Xavier was usually a patient, even-tempered man, but at the moment so many unruly emotions surged inside of him, he had to struggle to restrain himself. She had messed with a pariah Djinn who played power games and was possibly a gambling addict?
He bit out, “What did you do?”
Her gaze wandered away. “I might have interfered with one of his marks.”
Holy Mother of God. He rubbed his eyes and forced himself to speak with some measure of control. “Interfered how?”
She tilted her head toward one of her shoulders and watched her finger as she drew circles on the piano’s polished surface again.
She said, “I might have called his parents to tell them what kind of debt their son was accruing, and with whom. He was only twenty-one, you see—old enough to drink and gamble and get into trouble, but he wasn’t even out of college yet.”
He rubbed the back of his neck as he watched her. “What happened?”
“Eathan’s father shut him down before it could go too far. He flew out to Vegas, paid off Eathan’s gambling debt and dragged him home again.”
“Is that when you left Las Vegas and ended up at the Vampyre’s Ball?”
She nodded.
He couldn’t look away from her dejected figure. She looked as beautiful in the dark blue dress as he knew she would. The cut of the gown highlighted the slender lines of her neck and shoulders, and the graceful wings of her collarbones.
“There’s something I’m missing,” he said, almost to himself. “This isn’t just a story about a boy who made mistakes. What’s the significance of all of this?”
She squared her shoulders and looked at him with equal parts dread and sadness. “His father was Senator Ryan Jackson.
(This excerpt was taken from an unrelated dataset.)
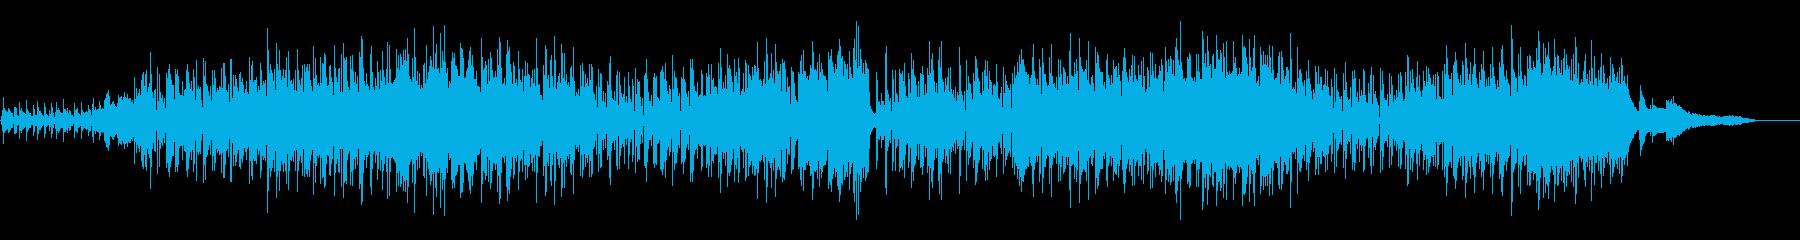 【メロなし】哀愁のボサノバ生ギターの再生済みの波形

Malphas really, really wanted to trap Eathan.”
He was on his feet, around the piano and by her side before he knew it. As she turned to face him, he gripped her by the shoulders again. He couldn’t seem to stop himself from touching her. “Senator Jackson sits on several key subcommittees in Washington. If Malphas had gotten control of Eathan, he could have used that as leverage to force Jackson into doing whatever he wanted.”
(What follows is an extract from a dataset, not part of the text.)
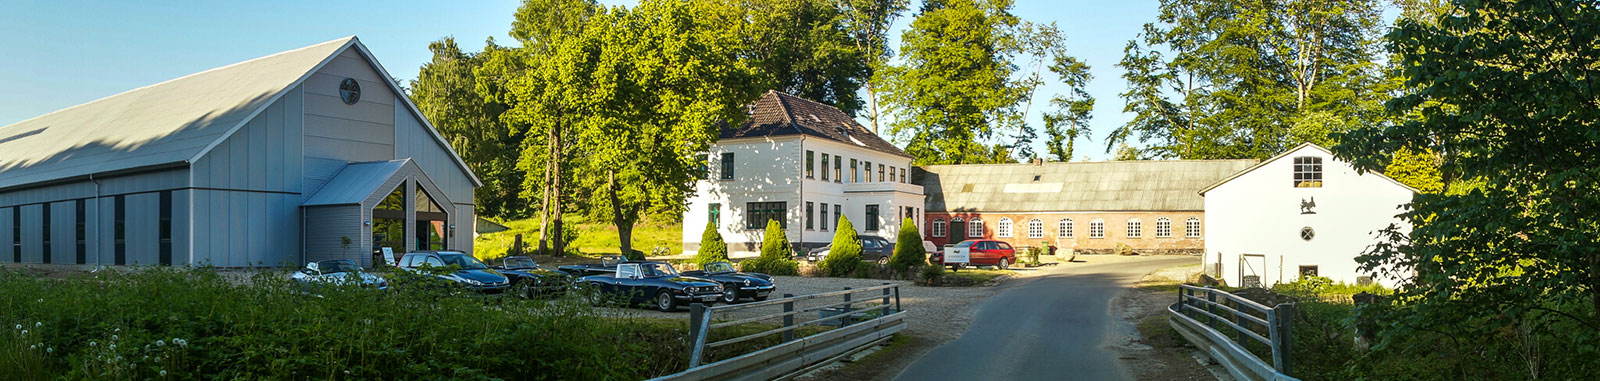 Elkærholm panorama.

“I know.” She twisted her fingers together.
He scowled, his mind racing over everything she had told him. “I’m still not seeing something. All this happened weeks ago. Why did you decide today that you were going to leave?”
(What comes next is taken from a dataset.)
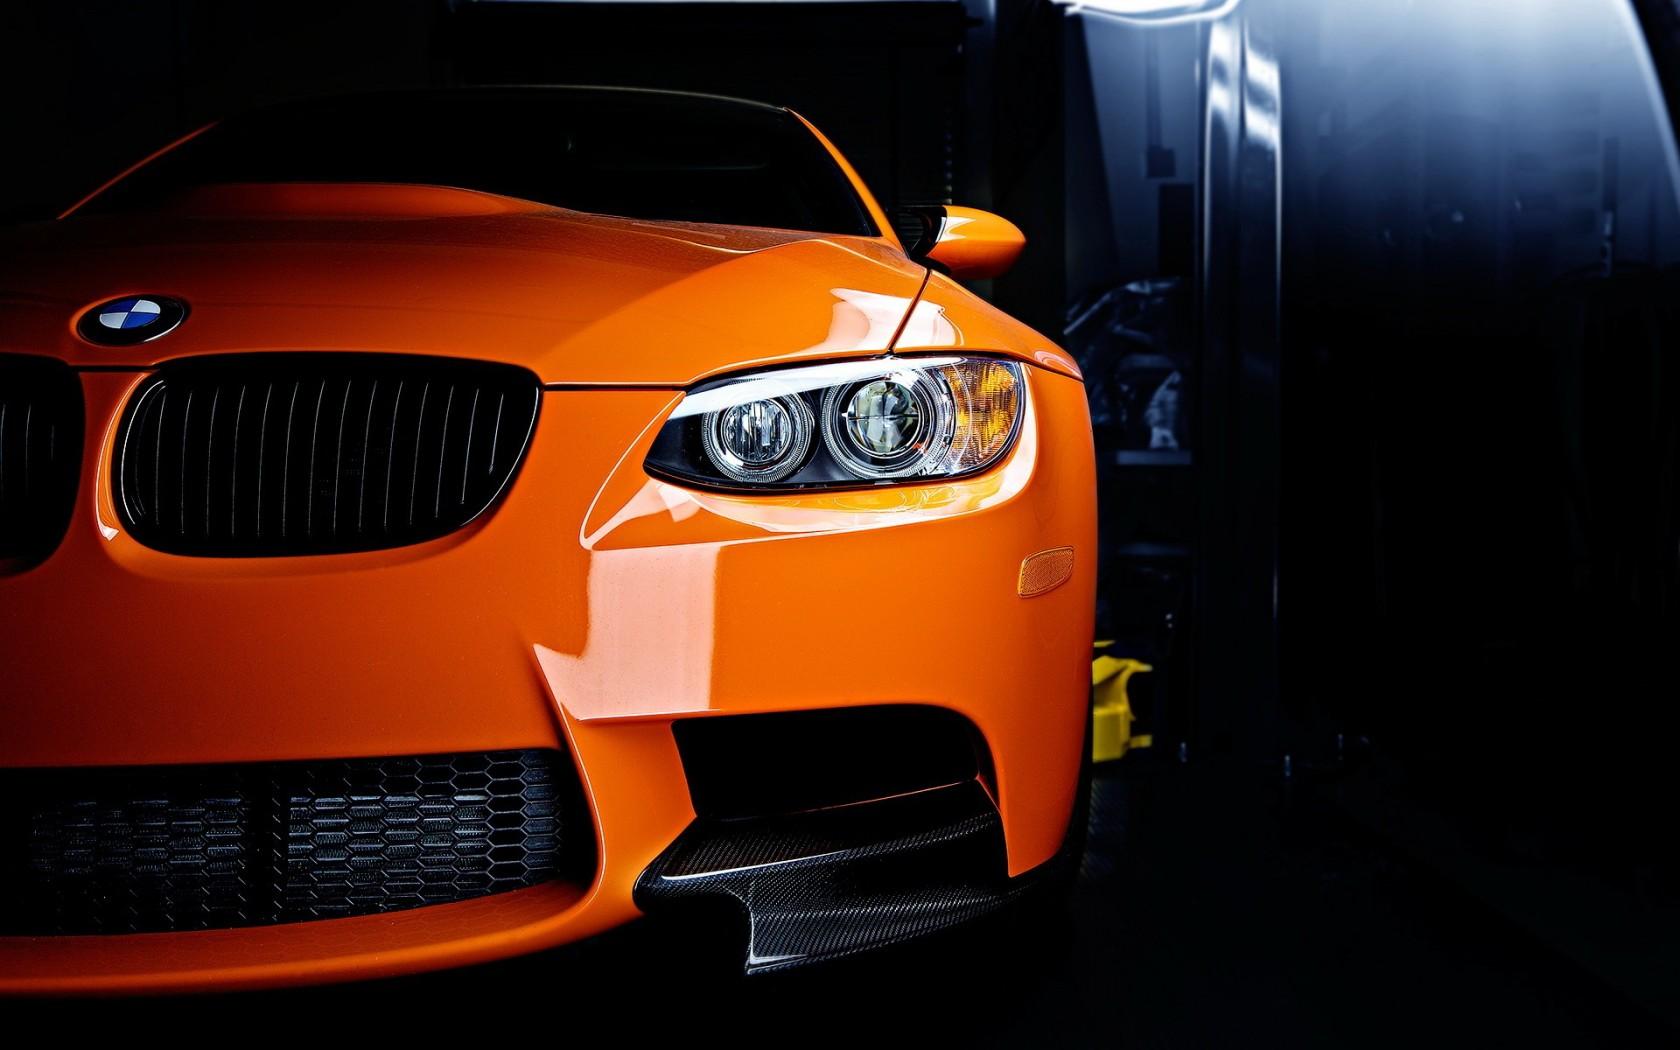 orange BMW wallpapers, обои для рабочего стола бэха, скачать бесплатно, оранжевая БМВ, car wallpaper, оранжевая машина

The corners of her mouth turned down, and her dark gaze took on a wet, overbright shine. “Because this morning I read in the Boston Herald that Eathan died in a boating accident while he was in Florida during Presidents’ Day weekend. None of his friends died, just him. The paper said it was a freak squall, but I know it wasn’t. It was Malphas, and he hasn’t forgiven or forgotten anything. If he was willing to do that to Eathan, he’ll be more than willing to do something similar to me, whether I’m one of your attendants or not.”
The pain in her eyes was too much to resist. He did what he’d been looking forward to doing all evening and pulled her into his arms, only this time he didn’t hold her at the proper prescribed distance for waltzing but clenched her tight. “I’m so sorry.”
She didn’t flinch or pull away. Instead, her arms crept around his waist, and she leaned against him. “If I hadn’t done anything, if I’d just kept my mouth shut, Eathan would probably still be alive.”
He felt in her tense body how she struggled not to cry, and he stroked her hair. “You can’t think like that. If you hadn’t stopped Malphas from trapping the boy and controlling the father, who knows what kind of harm could have come from that. The fact that he chose to retaliate is not your fault.”
“It feels like it is,” she whispered. A sob broke out of her. “It feels like I killed him, and while I think I could kill somebody in self-defense or if I really had to, he didn’t deserve to die like that and I didn’t mean to do it.”